E non si tratta solamente di un confronto tra i due Paesi, formalmente ancora alleati, o di un semplice “cambio della guardia” sull’operatività della componente navale costiera libica. Le motovedette libiche, che da questo mese ospitano istruttori turchi insieme a equipaggio libico, ufficialmente per insegnare come pattugliare l’area di ricerca e soccorso di competenza, investono anche gli interessi europei, dato che queste navi rappresentano un mezzo di controllo dei flussi migratori che, proprio da quelle coste, navigano verso l’Italia e l’Europa (anche se alcuni Paesi UE continuano a fare orecchio da mercante … sordo).

E pensare che la zona SAR libica è stata voluta, progettata e pagata dall’Italia, come le citate motovedette che ora ne solcano le acque e il cui impiego operativo verrà, da oggi in poi, deciso di “comune accordo” tra Tripoli e Ankara.

Se consideriamo che l’altro grande corridoio migratorio corre per via terra dalla penisola anatolica verso i Balcani e l’Europa centrale comprendiamo come, in sostanza, i due principali e potenzialmente destabilizzanti flussi migratori che interessano l’area mediterranea, estremamente sensibile per gli equilibri geopolitici che vanno dall’Europa fino al Golfo Persico, verranno da oggi in poi gestiti sostanzialmente secondo la visione neo-ottomana della Turchia. Una Turchia che ha già dimostrato, negli ultimi tempi, di essere completamente indifferente alle richieste della comunità internazionale, di non gradire le mediazioni diplomatiche e di considerare le regole e gli accordi internazionali (specialmente quelli che interessano le vie marittime) buoni solo per gli archivi.

La rotta centrale del Mediterraneo si aggiunge, pertanto, agli strumenti che Erdogan può impiegare per fare pressione sull’Europa. Un’Europa sconquassata dalla pandemia e, soprattutto, da ciniche e opportunistiche divisioni politiche la cui visione non va oltre le prossime elezioni nazionali (esempio i Paesi Bassi) e che, già da tempo muta e sorda in politica estera, ora si scopre anche (strategicamente) cieca.

E l’Italia?  Mentre sulle acque dell’Egeo e del Mediterraneo centrale si sta giocando una partita i cui esiti avranno importanti implicazioni sulle economie e sulle politiche sociali dei Paesi rivieraschi, la nostra politica estera continua a manifestare una indifferenza strategica incredibile e a essere assente in un teatro, quale quello Mediterraneo, che in passato ha sempre rappresentato la nostra principale direttrice di attenzione politica. 

E siccome la geopolitica non ammette vuoti di potere, se l’Europa stenta a far sentire la sua (flebile) voce, gli spazi lasciati liberi vengono riempiti da attori che applicano con decisione una politica assertiva.
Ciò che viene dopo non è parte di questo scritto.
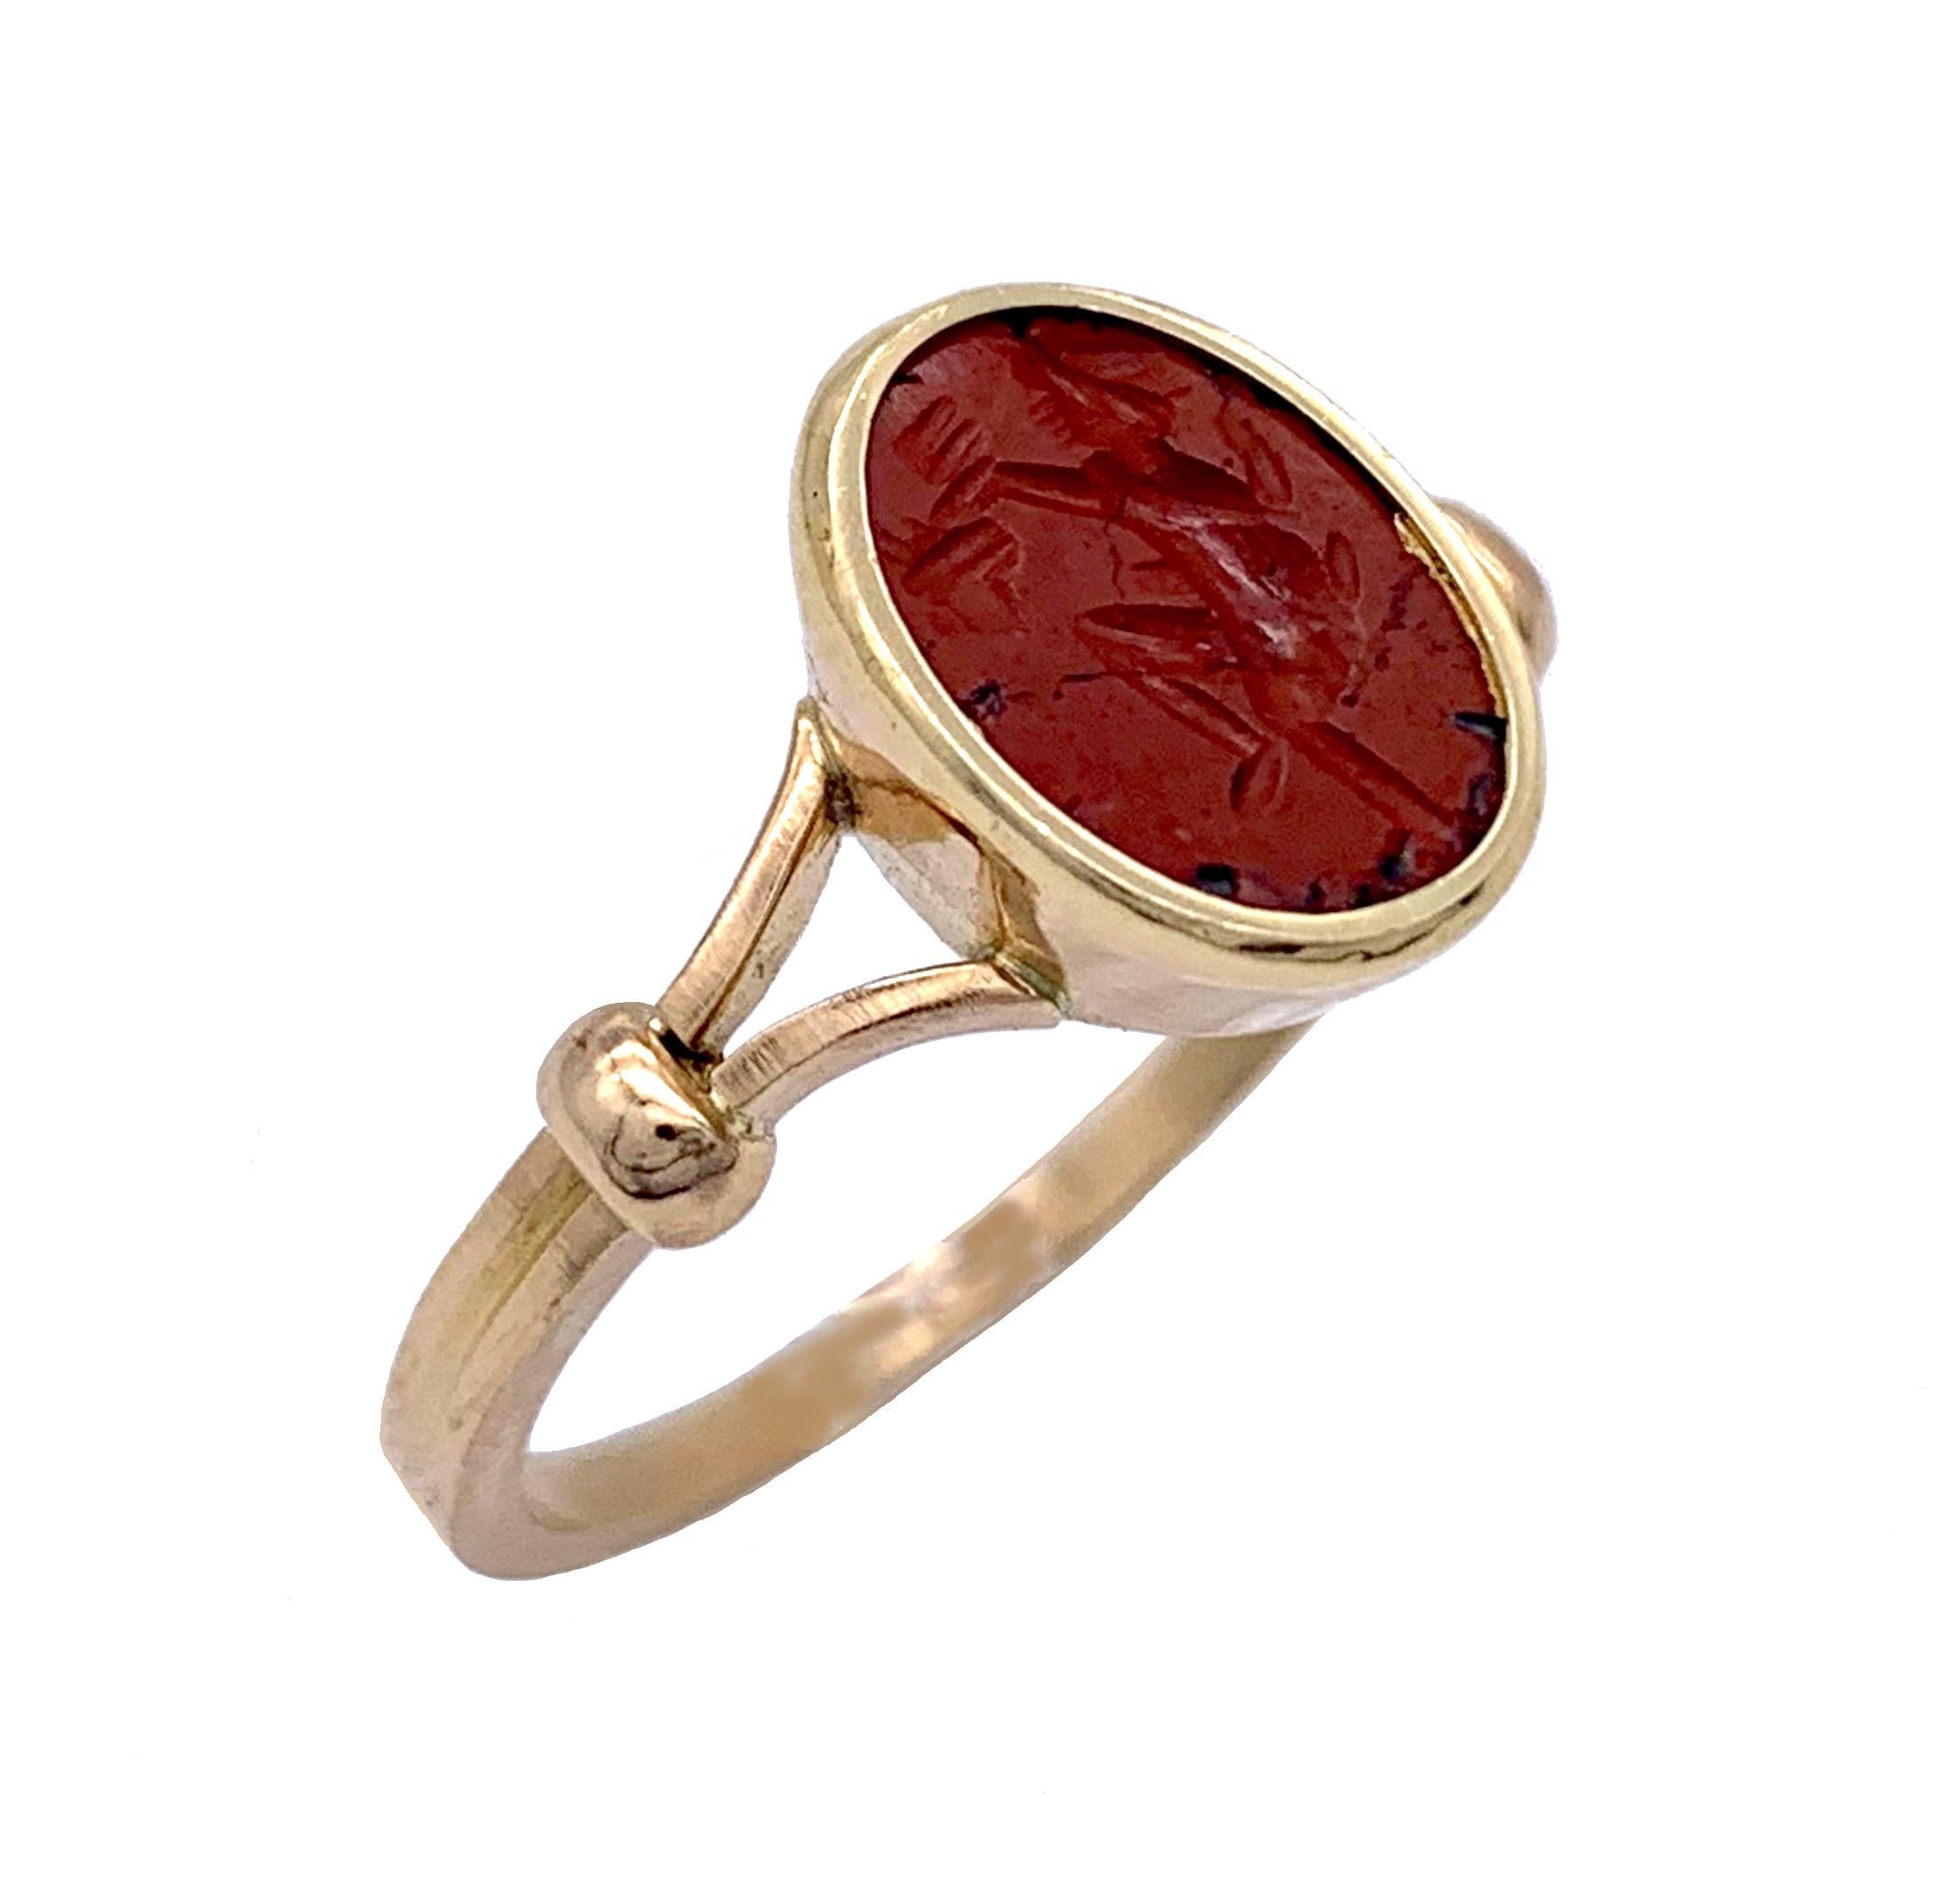 The  oval red jasper intaglio dates fom of the nineteenth century, possibly earlier. A male figure, probably a warrior, is making a sacrifice. The stone is mounted in an attractive delicate contemporary 18 karat gold ring.

Size of the framed

Il controllo delle vie marittime è indispensabile per il benessere e il progresso di una nazione e, dopo la Brexit, l’Europa ha solamente la Francia e l’Italia che possono assicurare le portaerei, mezzi fondamentali per una reale proiezione di potenza ed efficace estensione di sicurezza. Ma, mentre molte importanti crisi si sviluppano su un mare di fondamentale importanza, invece di permettere alla nostra flotta di navigare in piena efficienza a tutela degli interessi politici ed economici nazionali ed europei, si preferisce guardare al limitato orizzonte del proprio orticello lasciando ad altri attori, ben più aggressivi e decisi, la possibilità di influire su questioni anche di nostro interesse, permettendo loro di accrescere il proprio destabilizzante ruolo nello scacchiere del Mediterraneo e di riempire un vuoto lasciato dalla nostra cecità strategica.